▶ _What to do_
Return the material below exactly, but only from the line with "A drawing of" through the line with "Kate Middleton Donning the Radiant Red", and without its pictures.

(Extracted information Opens)

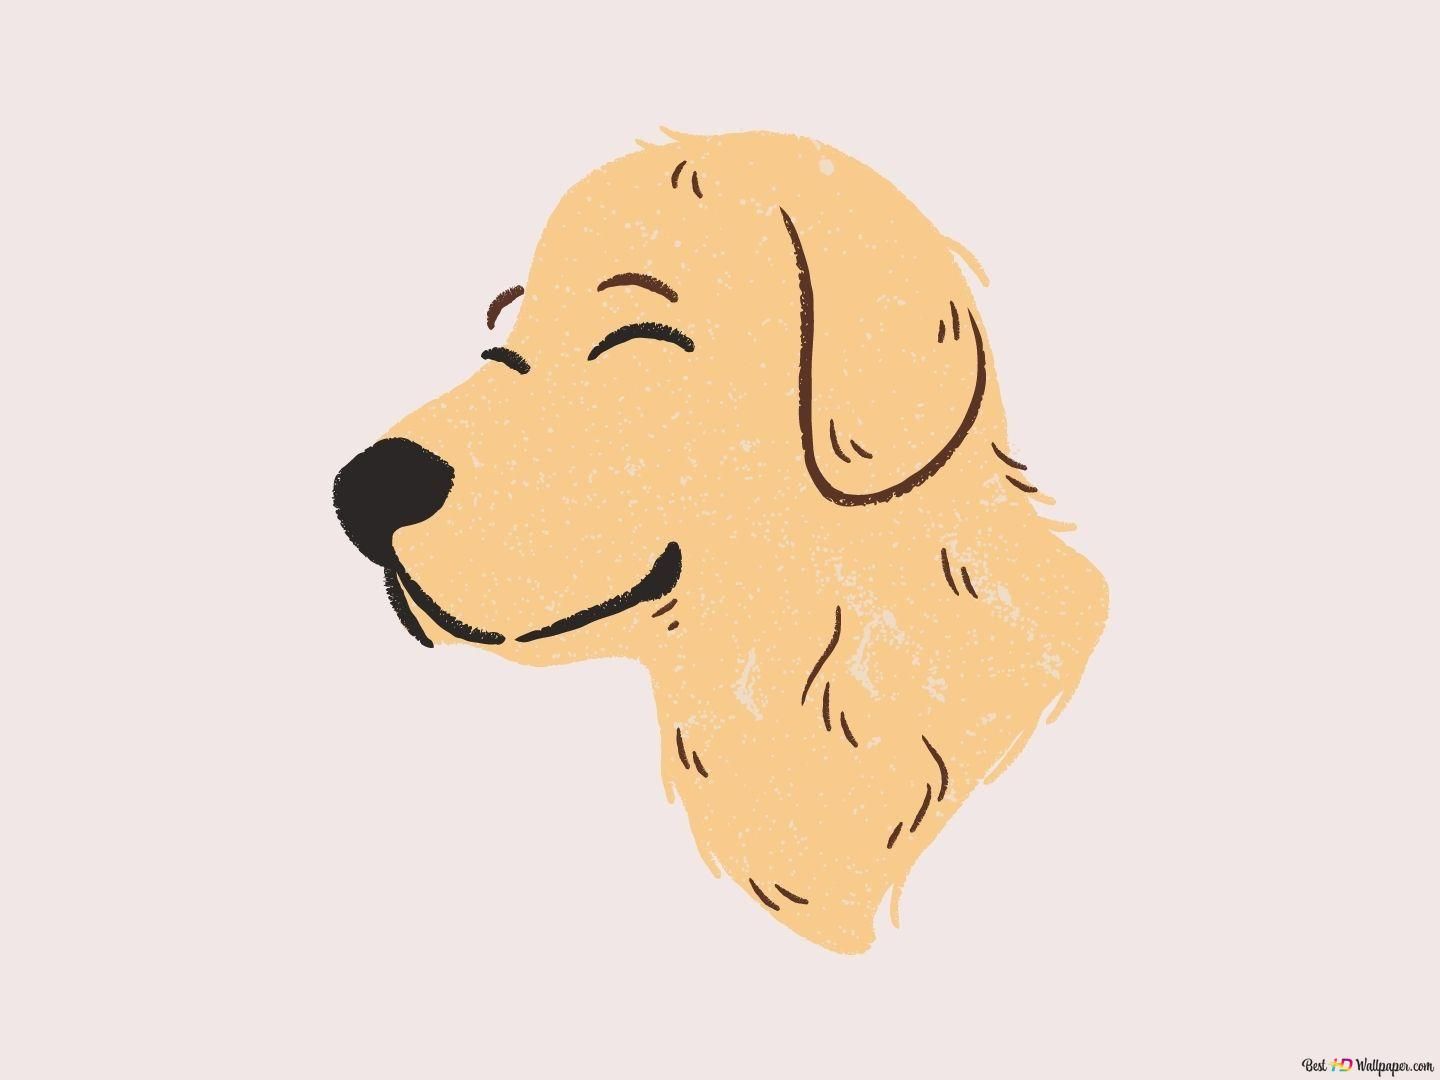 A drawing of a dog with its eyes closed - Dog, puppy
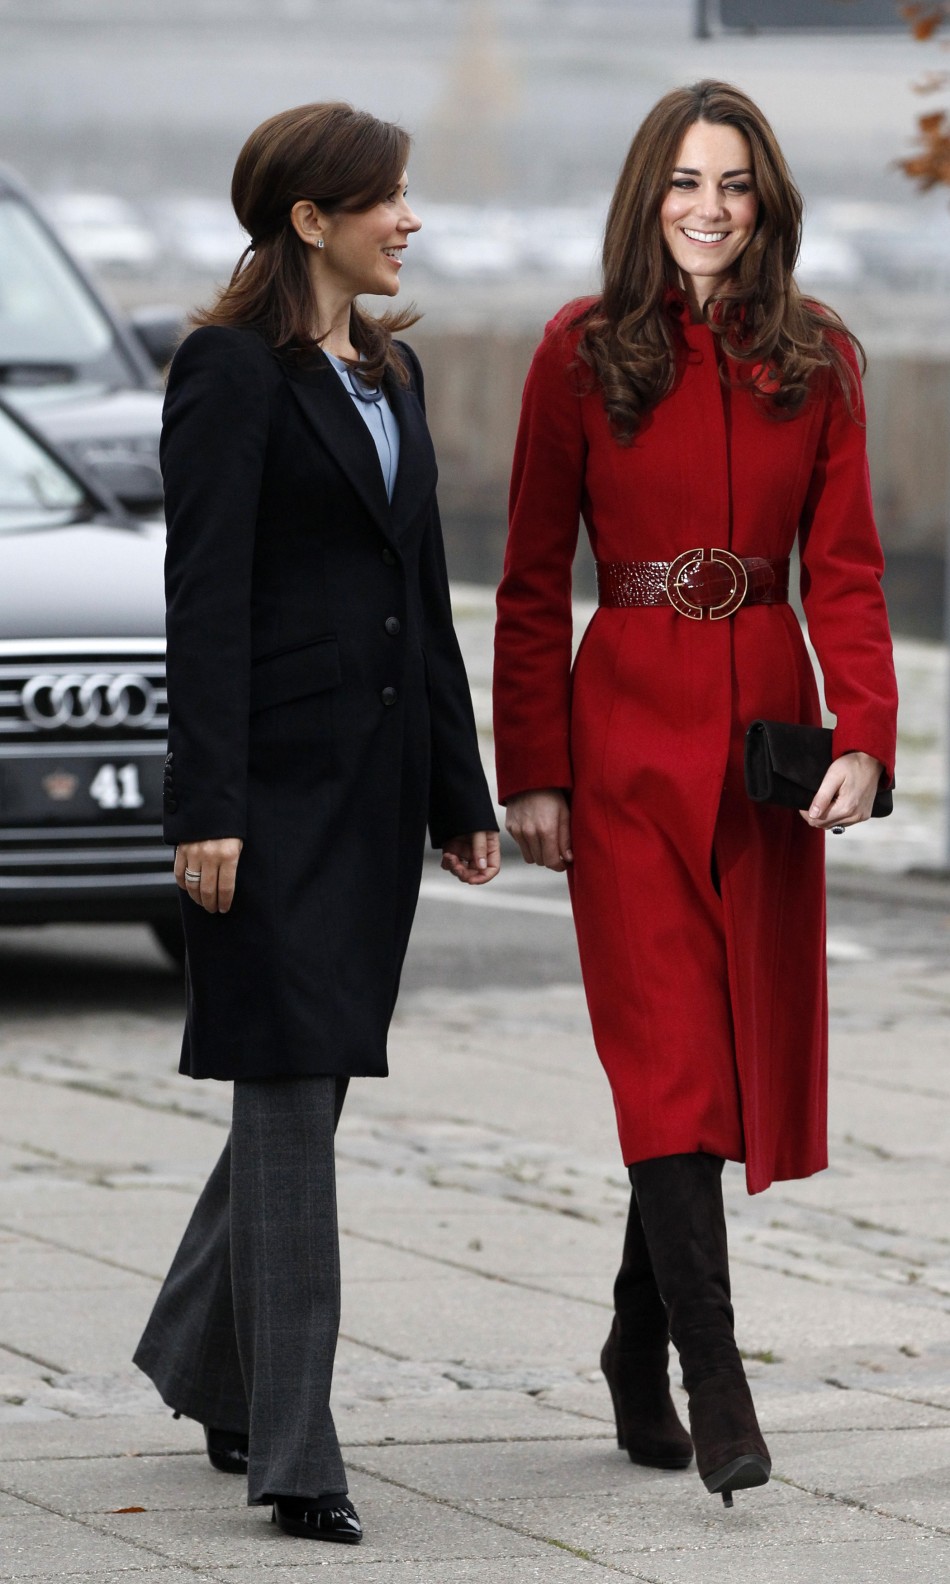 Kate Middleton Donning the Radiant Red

(Extracted information Closes)
(Extracted information Opens)

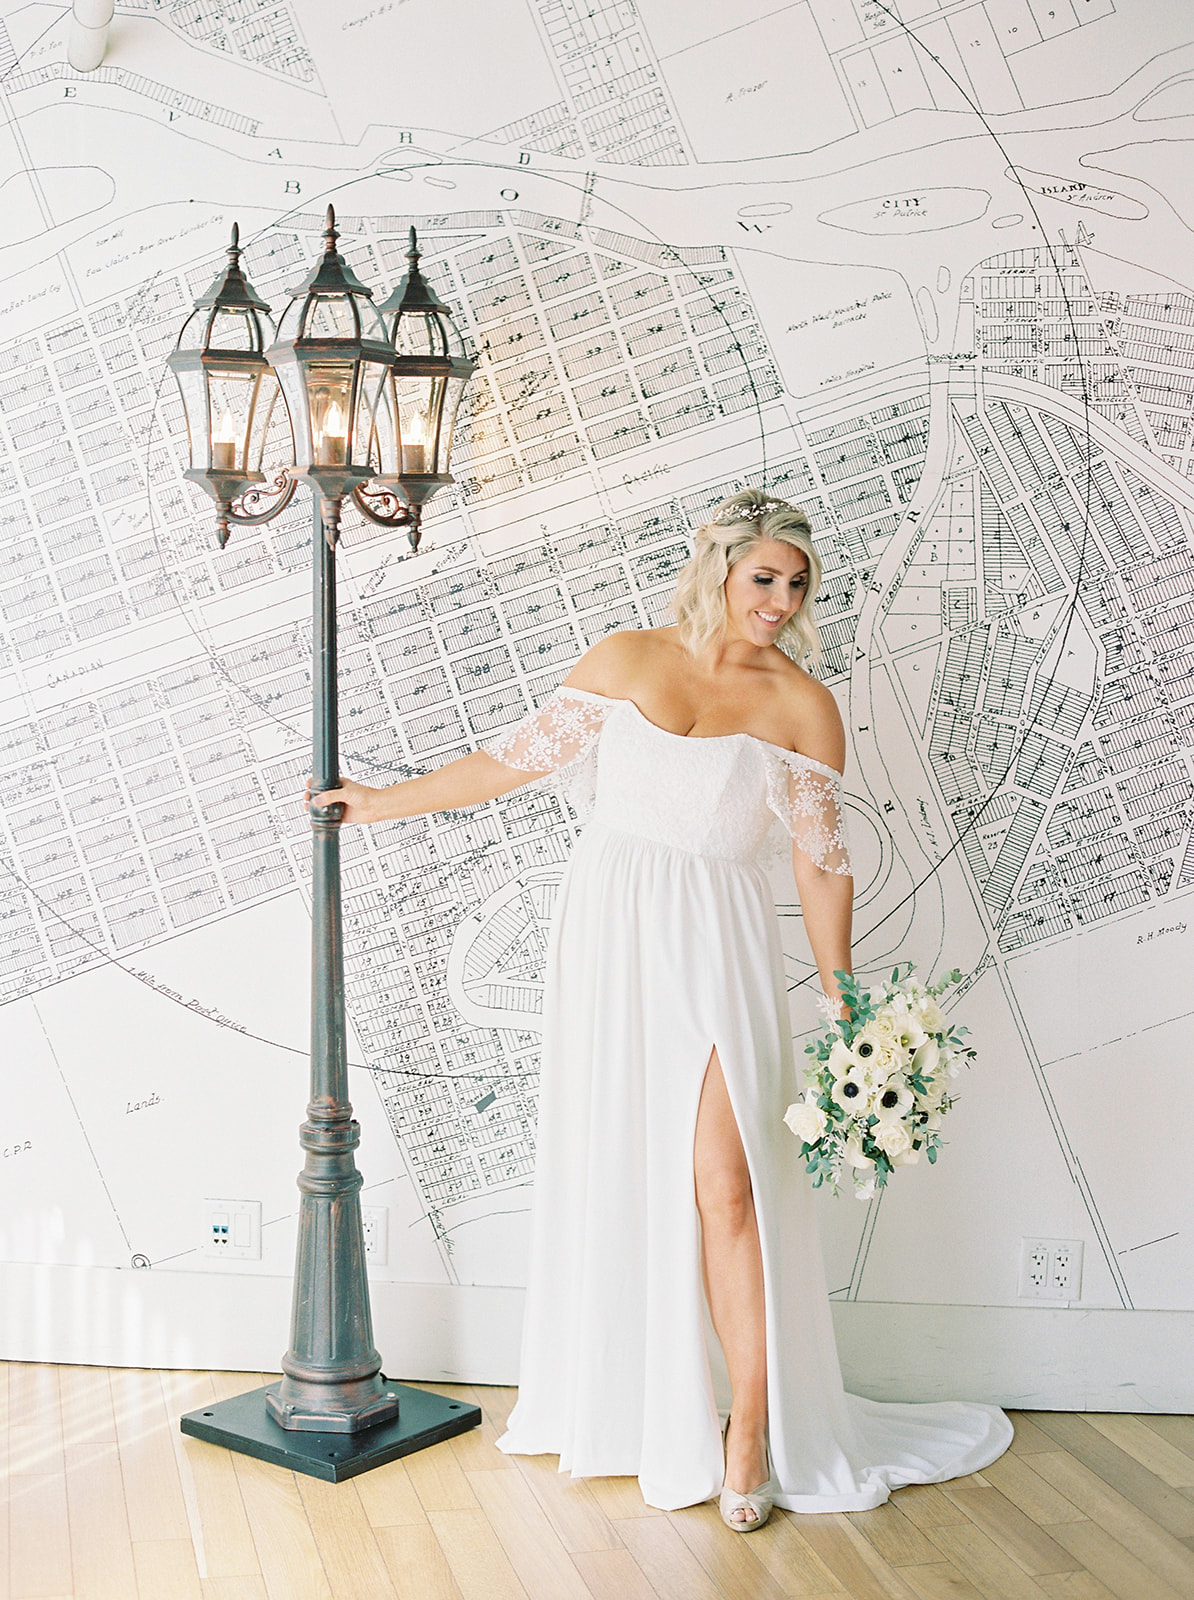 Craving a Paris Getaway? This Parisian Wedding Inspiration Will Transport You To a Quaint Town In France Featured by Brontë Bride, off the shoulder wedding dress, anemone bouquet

(Extracted information Closes)

▶ _Solution_
 A drawing of a dog with its eyes closed - Dog, puppy
 Kate Middleton Donning the Radiant Red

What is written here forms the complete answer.